# Temperature On-Screen Display!!!!



## d1nky (Jan 22, 2013)

is there any software that will osd most temps?? cpu, gpu etc (especially for gaming)


----------



## mlee49 (Jan 22, 2013)

Theres tons of gpu OSD's, MSI Afterburner does and eVGA's Precision(only for eVGA cards) does as well.

As for other temp monitoring, you might try HWInfo.  

Hope that helps!


----------



## d1nky (Jan 22, 2013)

yea, someone should really create a little piece of software that's universal which shows vital temps osd! I have evga great for all gpu, tried speedfan, hwmonitor etc etc but no osd for cpu as well as gpu.... and more programs means more resources lol! ill have a look at hwinfo. thanks


----------



## Nordic (Jan 22, 2013)

Techpowerup has a beta osd server for gaming. With gpuz it will show absolutely anything you want about your gpu in game.


----------



## d1nky (Jan 22, 2013)

cool, ill look but is there anything that is cpu osd orientated?


----------



## burebista (Jan 22, 2013)

d1nky said:


> is there any software that will osd most temps?? cpu, gpu etc (especially for gaming)


MSI Afterburner & HWInfo will show you all you want. From all temps to all voltages and CPU/GPU load, frequencies and so on.
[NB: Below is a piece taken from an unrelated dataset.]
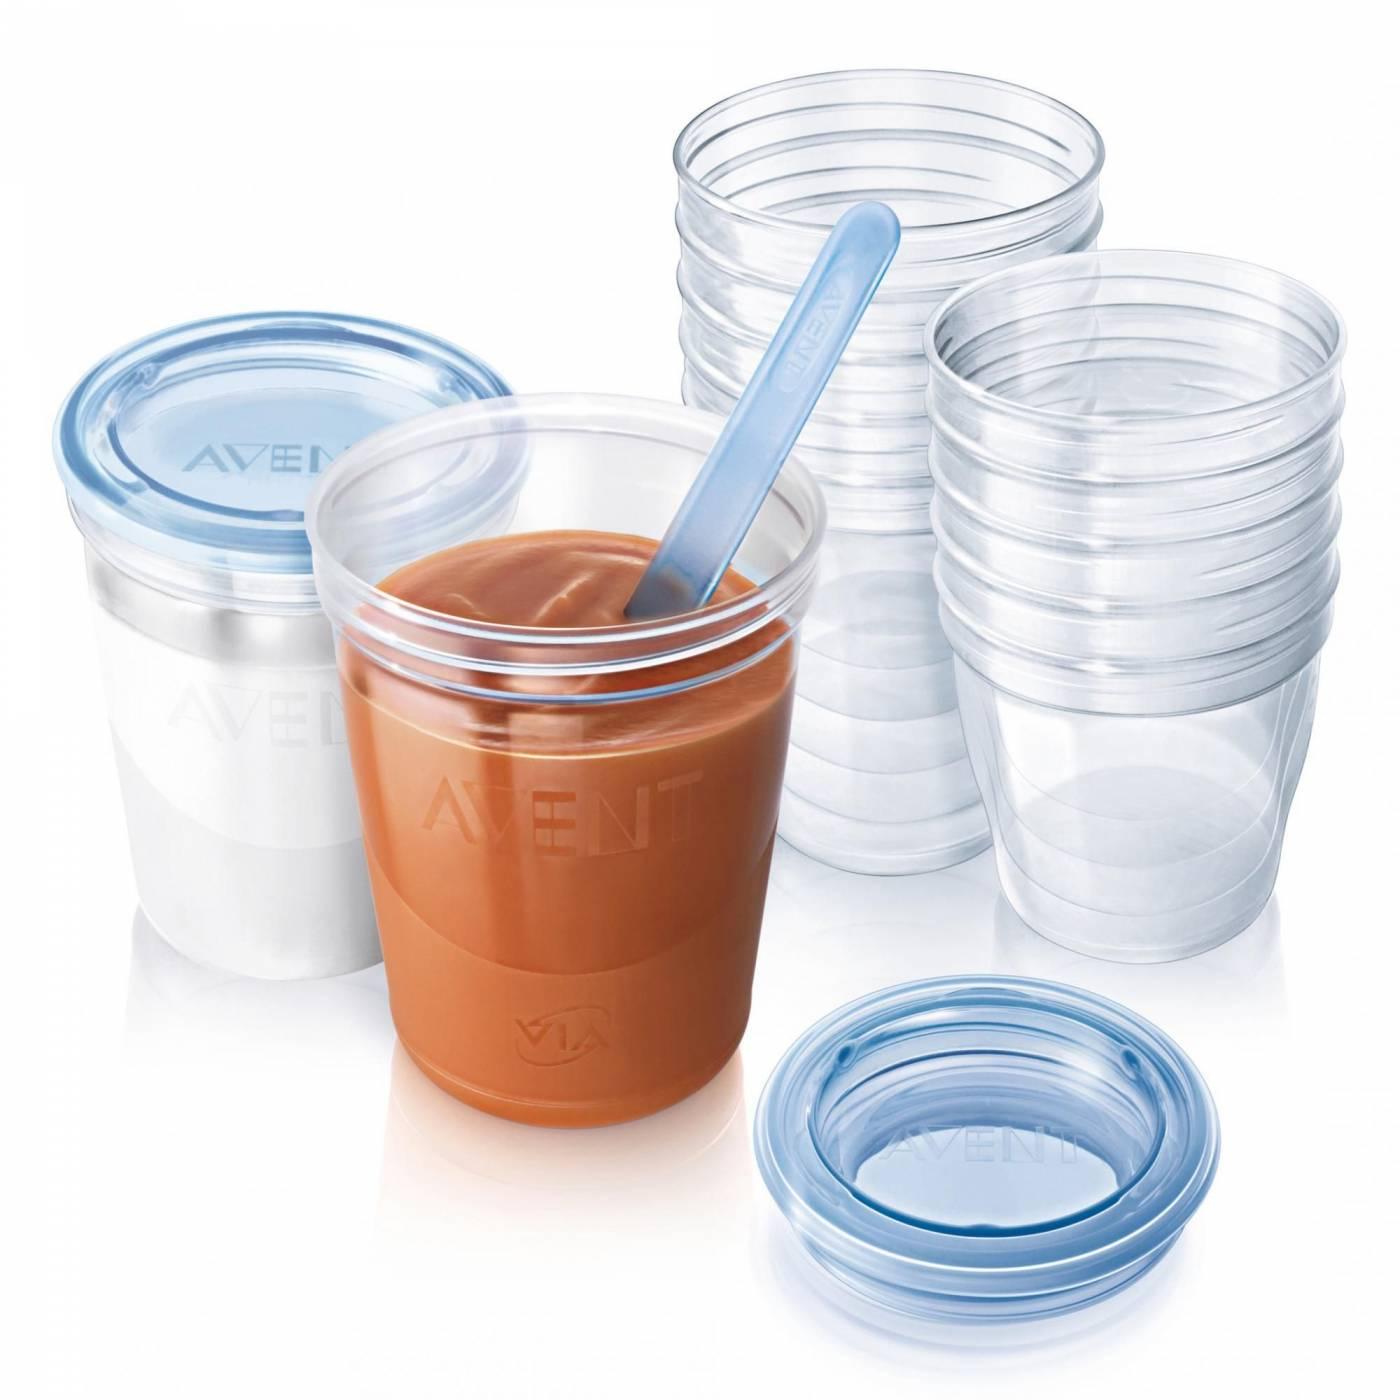 Recipiente para Alimentos e Leite Materno - Philips Avent
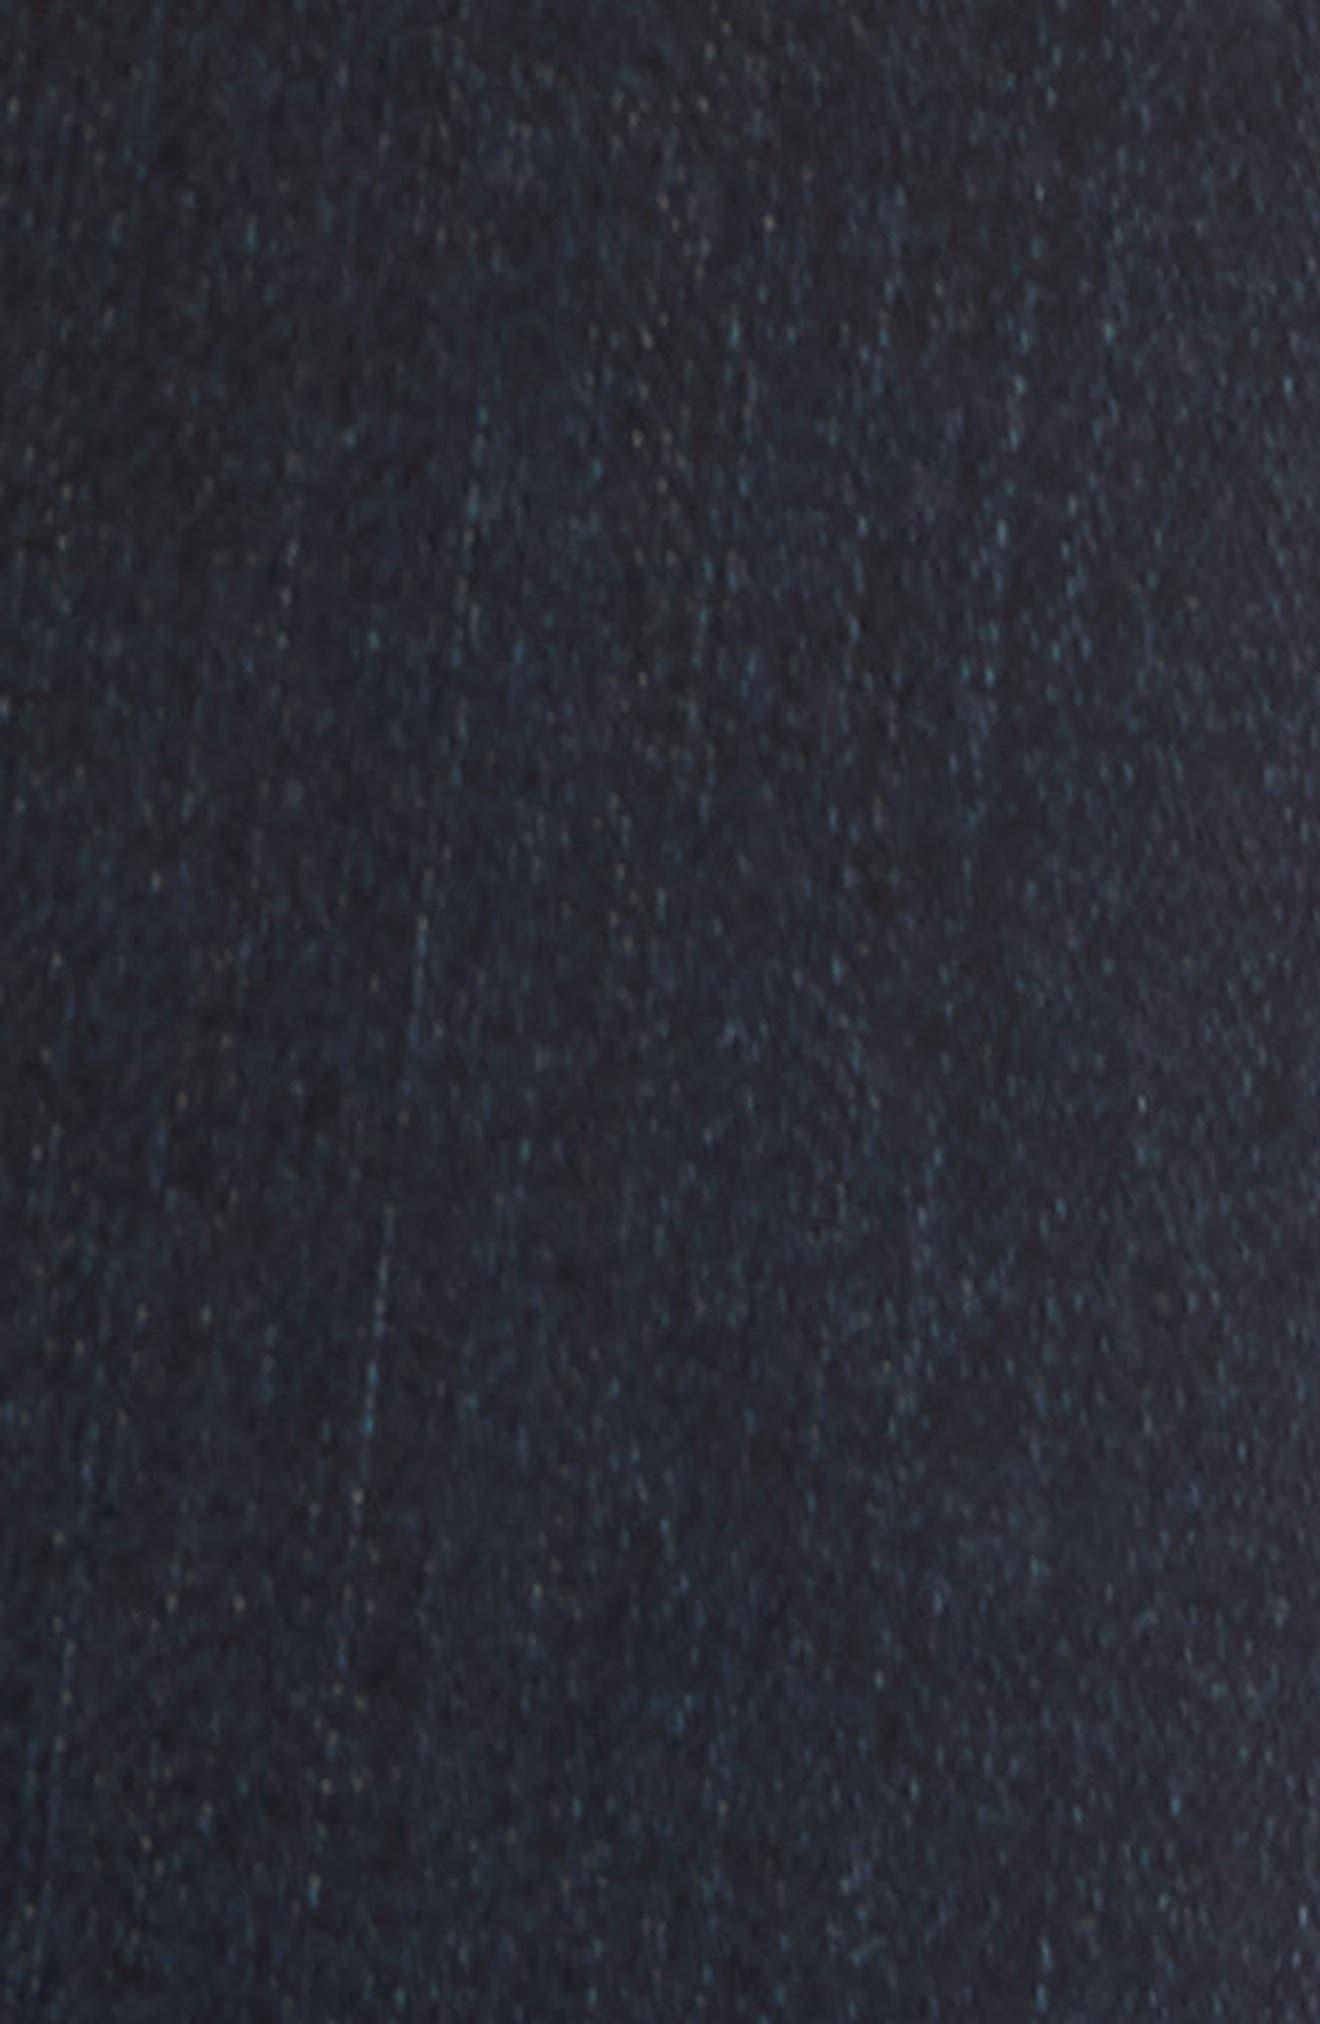 Dylan Skinny Fit Jeans,                             Alternate thumbnail 5, color,                             493

I have somewhere an old screenshot with those, let's see if I can find it.

*LE:* Found it.


----------



## d1nky (Jan 22, 2013)

that osd is just what im looking for...... p.s love ya quotation ''If it ain't broke... fix it until it is'' I do that too often lol!


----------



## d1nky (Jan 22, 2013)

just looked on hwinfo forum and I can combine my evga precisionx with hwinfo also.....love that program means I can clock the hell out of my card nice and simply lol


----------



## natr0n (Jan 22, 2013)

Another way is if you have dual screens just leave monitoring programs on 2nd screen while you game.


----------